Activity: For the word "means", work out how many lines in the records below contain it and state that count alone.

The records:
______________________________

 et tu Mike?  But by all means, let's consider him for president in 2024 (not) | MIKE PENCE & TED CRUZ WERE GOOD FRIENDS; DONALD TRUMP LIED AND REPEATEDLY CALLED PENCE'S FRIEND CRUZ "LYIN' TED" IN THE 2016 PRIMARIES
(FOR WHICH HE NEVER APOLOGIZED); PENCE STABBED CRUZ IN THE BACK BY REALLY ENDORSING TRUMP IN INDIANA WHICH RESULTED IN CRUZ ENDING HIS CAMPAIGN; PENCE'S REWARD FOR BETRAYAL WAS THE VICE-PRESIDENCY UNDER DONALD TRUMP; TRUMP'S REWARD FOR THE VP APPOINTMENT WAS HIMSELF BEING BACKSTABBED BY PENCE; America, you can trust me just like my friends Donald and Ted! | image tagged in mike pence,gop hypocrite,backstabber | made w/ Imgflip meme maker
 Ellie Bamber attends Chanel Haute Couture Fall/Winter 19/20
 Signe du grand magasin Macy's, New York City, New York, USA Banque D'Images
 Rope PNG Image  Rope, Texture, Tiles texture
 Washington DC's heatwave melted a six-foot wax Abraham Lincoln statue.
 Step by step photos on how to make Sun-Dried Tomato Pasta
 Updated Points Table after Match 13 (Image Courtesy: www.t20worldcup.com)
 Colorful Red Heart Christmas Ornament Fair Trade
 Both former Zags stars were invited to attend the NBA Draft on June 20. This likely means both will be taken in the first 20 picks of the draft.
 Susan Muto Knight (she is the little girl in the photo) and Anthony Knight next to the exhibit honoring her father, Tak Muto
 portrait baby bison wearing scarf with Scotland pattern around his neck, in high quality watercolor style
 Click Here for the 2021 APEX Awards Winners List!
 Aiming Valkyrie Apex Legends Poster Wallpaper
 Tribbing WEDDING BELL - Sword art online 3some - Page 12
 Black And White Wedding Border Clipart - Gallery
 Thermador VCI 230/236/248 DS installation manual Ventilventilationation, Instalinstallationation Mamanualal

______________________________

Written response: 2